Abstract
Silent Speech Interface (SSI) is just a novel member in Brain-Computer Interface (BCI) family, which relies on decoding the speech-related bio signal activities or articulator motions. It makes recognition or synthesis on data from articulators collected using a variety of sensors. Research on SSI is now an active inter-disciplinal field, combining neuroscience, computer science and engineering. This review presents current the advances and critical issues in the development of SSI. Relevant methods, practices and challenges are also included.
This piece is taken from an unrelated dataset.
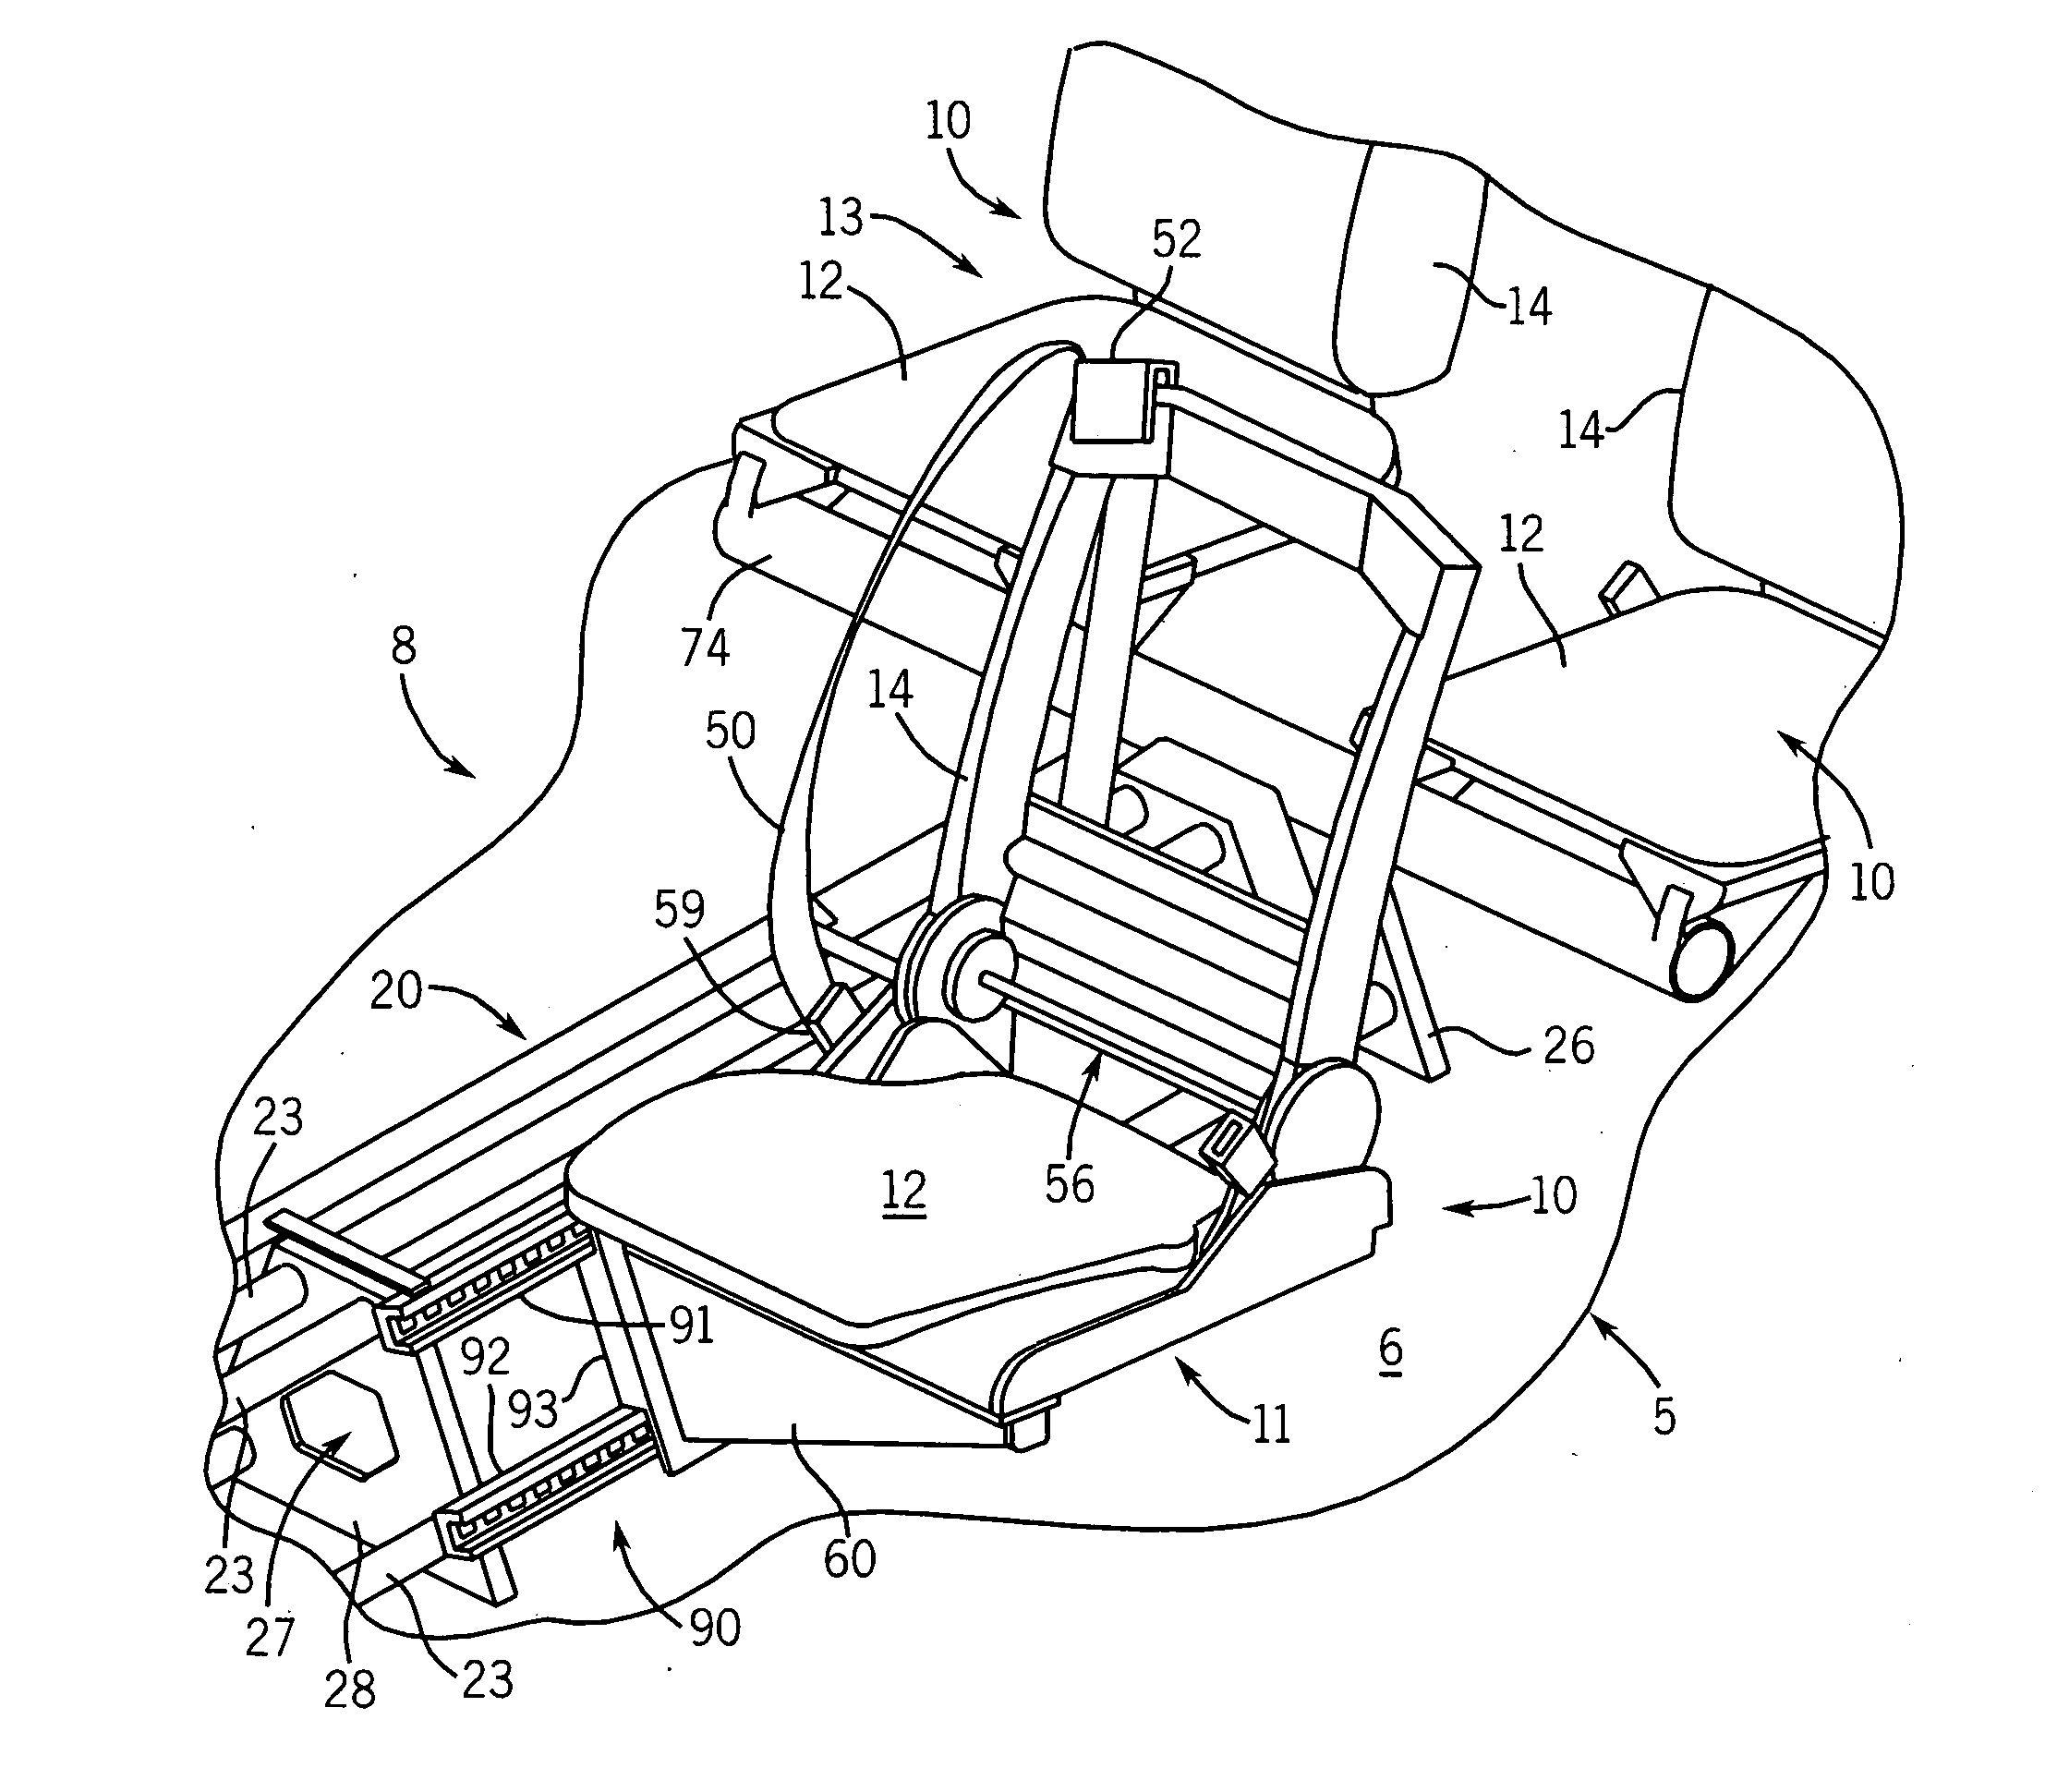 Cantilever supported vehicle seat and system

Keywords: Silent Speech Interface; Bio signal Activities; Articulator Motions
Abbreviations: SSI: Silent Speech Interface; BCI: Brain-Computer Interface; EMG: Electromyography; HMM: Hidden Markov Model; DTW: Dynamic Time Warping; LDA: Linear Discriminant Analysis
Introduction
Acoustic speech is the most common and comfortable communication method among humans. Starting from the brain, acoustic signals are produced by the synergistic work of vocal organs such as lung, larynx and throat. Bio signals and articulatory activities are along with these physiological processes and have turned out to be potential to interpret the speech production [1]. One of the typical methods is to make use of such speech-related bio signal or articulatory motion as an alternative way for speech recognition. Differing from conventional Brain-Computer Interface (BCI) which directly decoding cortical brain activity, the Silent Speech Interface (SSI) always uses the neuromuscular or articulator activities to indirectly trace back to the neural information [2,3]. As a relatively novel way of BCI, SSI has advantages in implementation and application. Compared with conventional BCI, this technology requires fewer channel signals and the signal detection is much more convenient due to data usually recorded on muscle surface or via a non-contact way [4]. SSI has unique advantages in comparison with speech interface as well. It mostly only depends on the relevant electrophysiology activities and will not be interfered by ambient noises, so it works well in noisy condition. Secondly, as SSI does not need to be emitted voice, so privacy of communication can be guaranteed, and will not interact with surrounding people, especially in public area. Finally, SSI is an excellent choice to help people with speech disabilities (i.e., laryngectomy or dumb patients) or to language training [1,5,6]. Figure 1 shows the overall diagram of SSI, from data acquisition to the final applications.
Data Acquisition
Some techniques have been employed to capture different speech-related bio signals, including articulatory and muscular activity. Articulatory movements (i.e., lip or tongue) usually come with vocal or whisper speech [7]. The popular one is relevant with neuromuscular activities, regardless of vocal or silent speech [5]. Measuring the motion of articulators, imaging and surface sensing are two common methods used in SSI. Video and ultrasound imaging can record the activities of visible or invisible speech articulators straightforward [8]. Because of its good safety and temporal resolution, imaging is well adopted to vocal tract and analysis under certain clinical conditions. Vibration or magnetic sensors used to capture the articulatory activity cause less signal crosstalk in multichannel systems and require less treatment on skin surface [7-9]. However, moving articulators do not work well in purely silent speech.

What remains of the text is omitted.